Teddy didn't answer. He was studying the faces on the bridge opposite as it closed. The other ship had tires over the side for fenders. Not many crew on deck, three or four, moping around in that half-assed way you got around noon when it was this hot. No weapons in sight. Good.

Then other men filed out of a little after-structure stretched with canvas like a tent, and he sucked breath. Four, five, six . . . eight. Each on one end of a wooden box like the ones, empty now, down in the hold.

All gun-heavy with AKs and PKMs, the sniper variant. The men carrying them weren't black. Arabs or Iranians. Middle Eastern rather than African.

Weapons for qat. Nobody had mentioned this in the team's predeployment brief. Smuggling, yeah. Cigarettes. Booze. Somali emigrants. But not this.

The coaster was drifting in, the last few feet vanishing, the coaster's side five, eight feet higher than the dhow's low midships. He pulled the VHF over. Murmured, “Alleycat: Alleycat One. Target's alongside. Guys on deck with AKs, carrying crates of RPGs. I ah, I think we need that backup now.”

As he let up on the button a long blast of airhorn ripped out above their heads. He snapped around to see the skipper, baring rotten incisors at them, knuckles white on the horn lever.

Kaulukukui loomed over him from behind.

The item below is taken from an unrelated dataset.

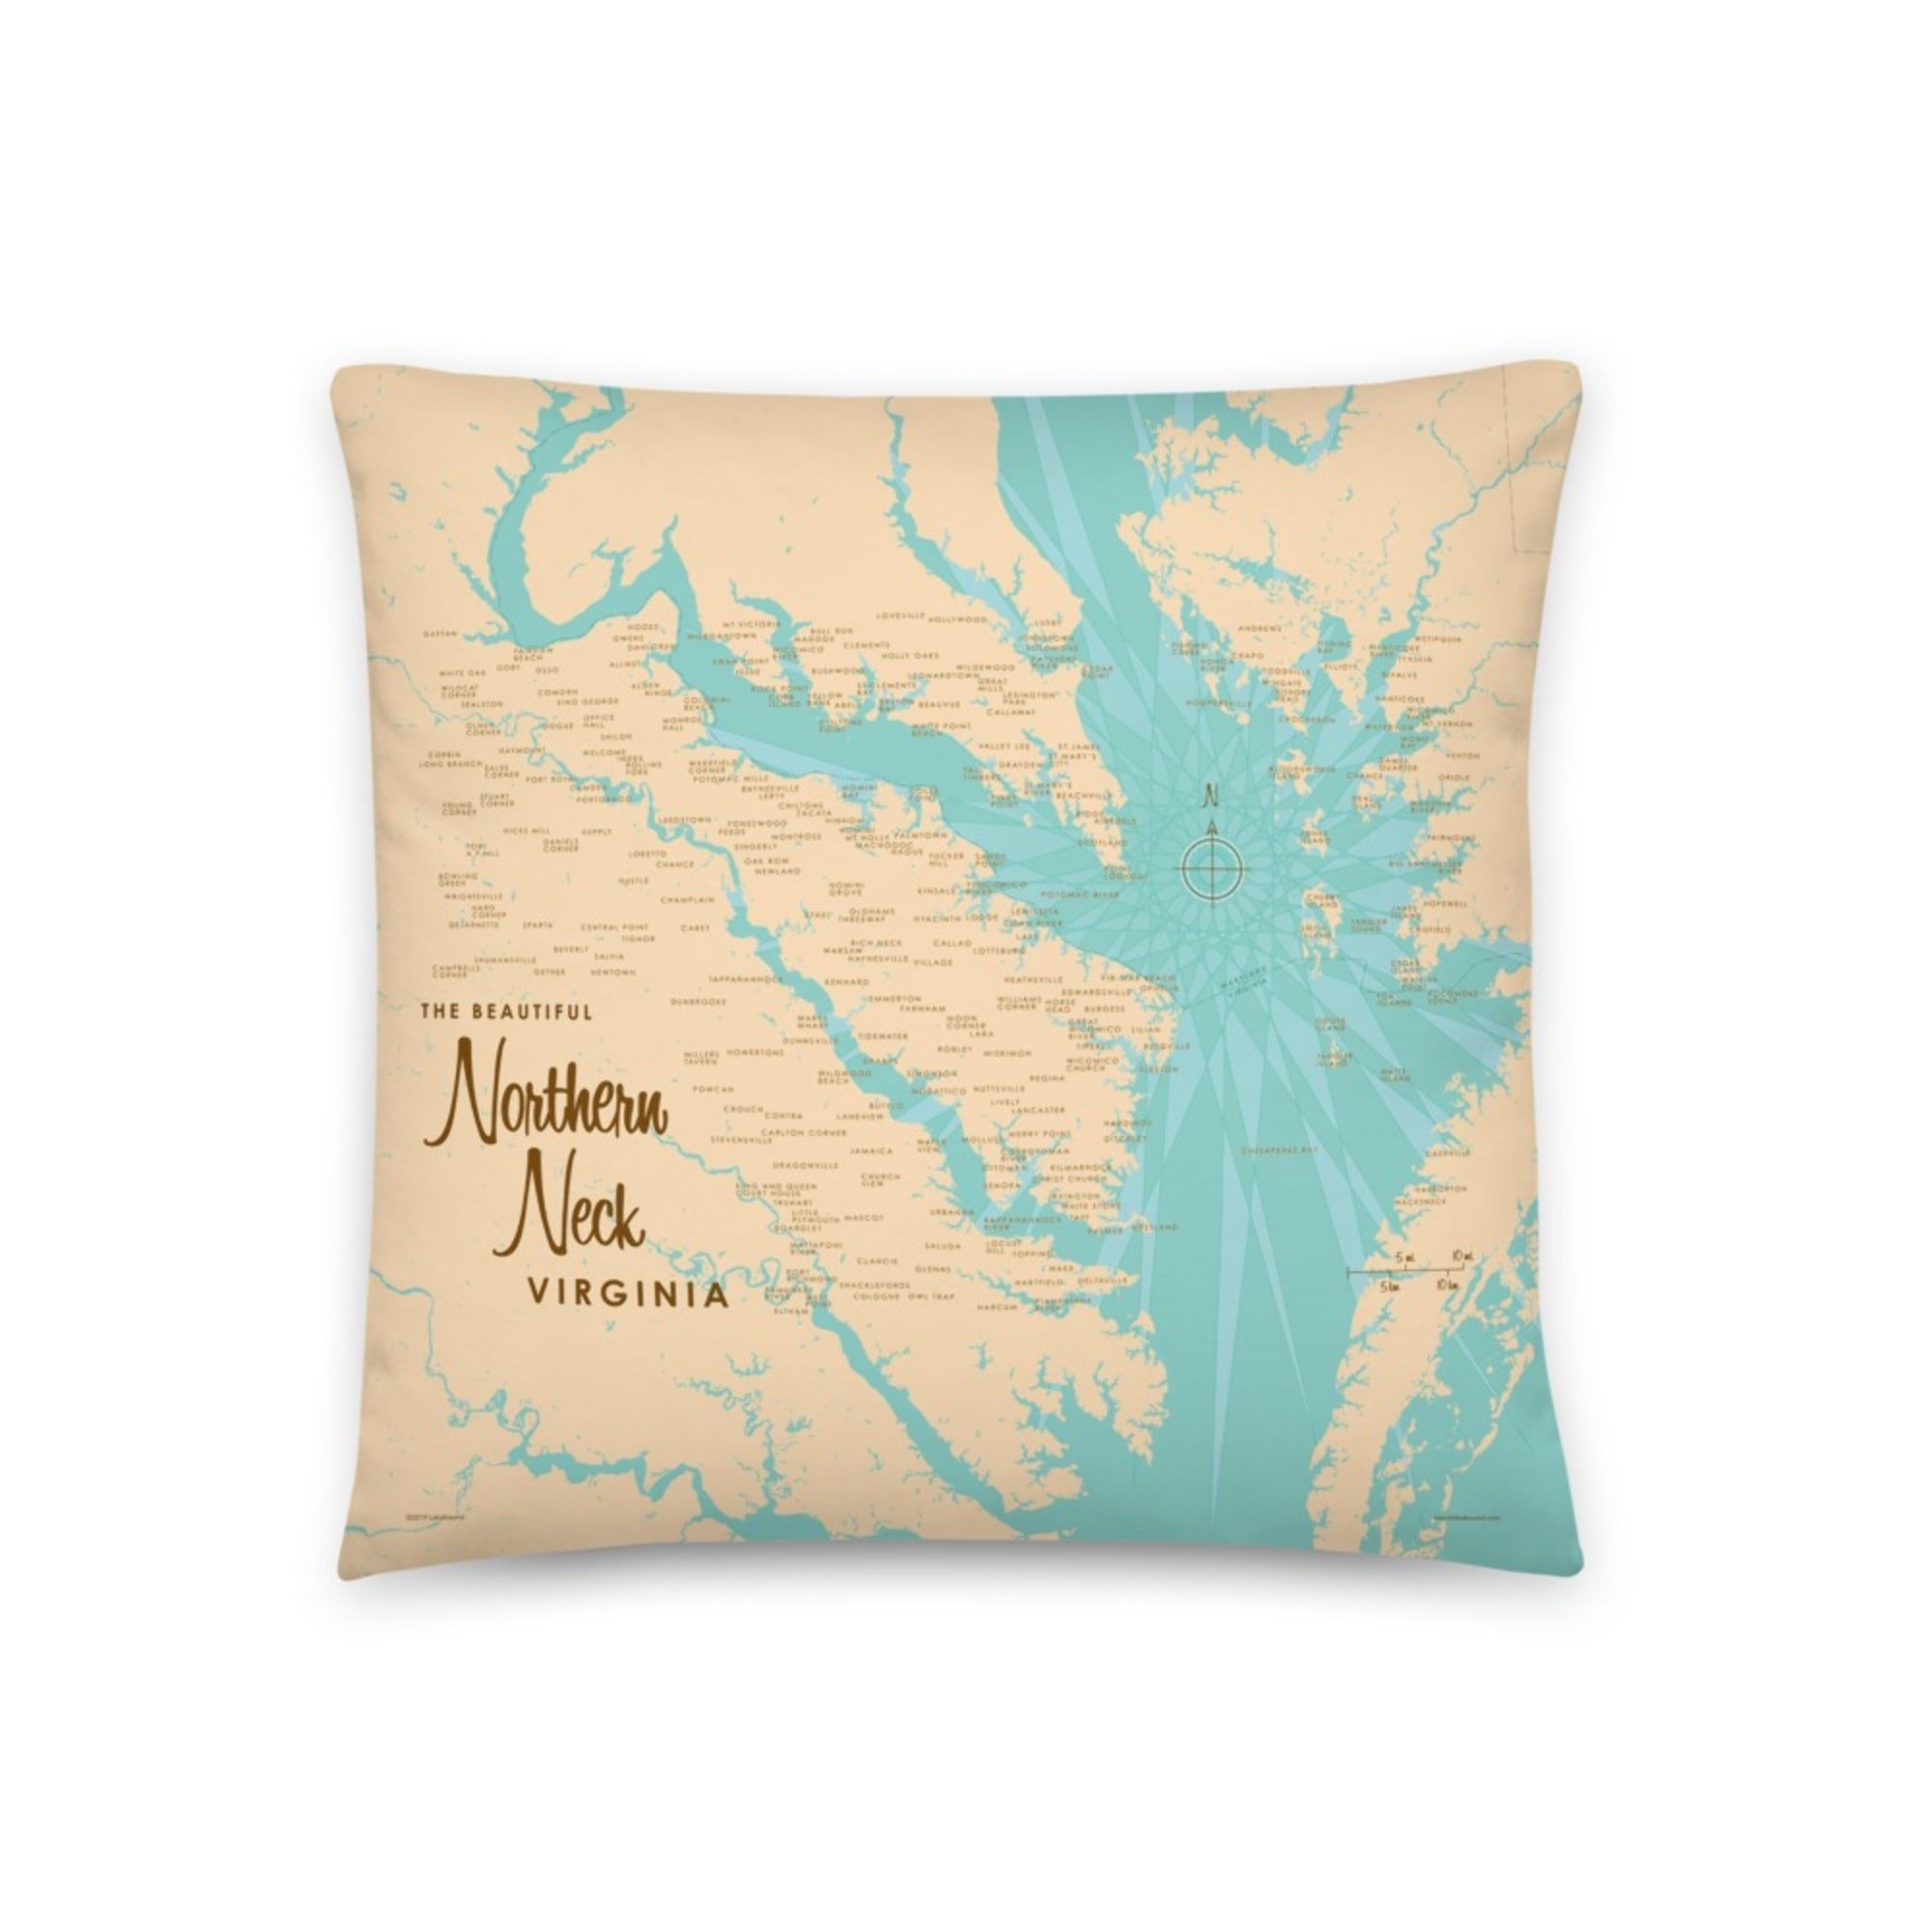 Northern Neck Virginia Pillow

Only for a second. Then the captain was slumping again, head twisted over his shoulder, like an owl's.

Teddy cracked the door to see not what he expected, guys taking cover. Somebody'd taught these dudes to take the fight to the enemy too, because half of them had dropped their crates and were rushing to the side.

As he watched, from above deck level and twenty yards away, the two ships drifted together. Heavy worn rubber tires compressed with a squirt of reddish dust. A jar shivered though steel. And with a concerted yell four shooters from the other ship jumped the five feet down to the dhow's deck and split up. Ice touched Teddy's spine as he realized each carried his weapon
the exact same way
. They weren't facing ragtag crewmen, but something more dangerous.

“Fuck,” he was muttering, when the first burst cracked out, followed by the booms of shotguns. One of the boarders looked startled. He straightened, then deflated like a cheap balloon.

Score one for Lazaresky. Unfortunately, the men left on the coaster had dropped to their bellies and were starting to shoot too. Within seconds a truly impressive volume of fire was clattering across the deck, most focused on a little sternhouse Teddy assumed was where Cooper had taken his guys.

“We got to take the pressure off Crabmeat and Skunk,” Sumo shouted. Teddy nodded, trying to figure out how. If he went out on the wing he'd be exposed. There was no splinter shield or bulwark. But he'd have a rest on the life rail, and a perfect enfilade down the line of prone shooters below. He went to the bone mike. “Crabmeat, y'there?”

No answer. Not good, but he couldn't wait. Time to earn that combat-zone pay. He eased back the bolt to check the load, checked that the rear sight had the biggest aperture dialed in, wiggled the front sight to make sure it was secure, loosened the second mag in the pouch, and gestured
covering fire
to Kaulukukui.

Rolling out the door, he took a knee, thumbed the selector to semiautomatic, and put the front sight on the closest shooter.

 

HE got three rounds off, all head shots, before they realized they were being fired on from above. The third he called low, the guy was still kicking on the deck, but he'd let go his rifle and Teddy didn't think he needed another tap. Especially since the others were jerking their heads around, yelling, reorienting on him. He double-tapped a torso shot and the target went limp. But by then the last guy was up in a crouch, aiming at him, and he was late, late . . . time went gluey as he waited for the flash and impact of the bullet . . . then Kaulukukui's MP barked from the other side of the bridge and the guy wavered and went down.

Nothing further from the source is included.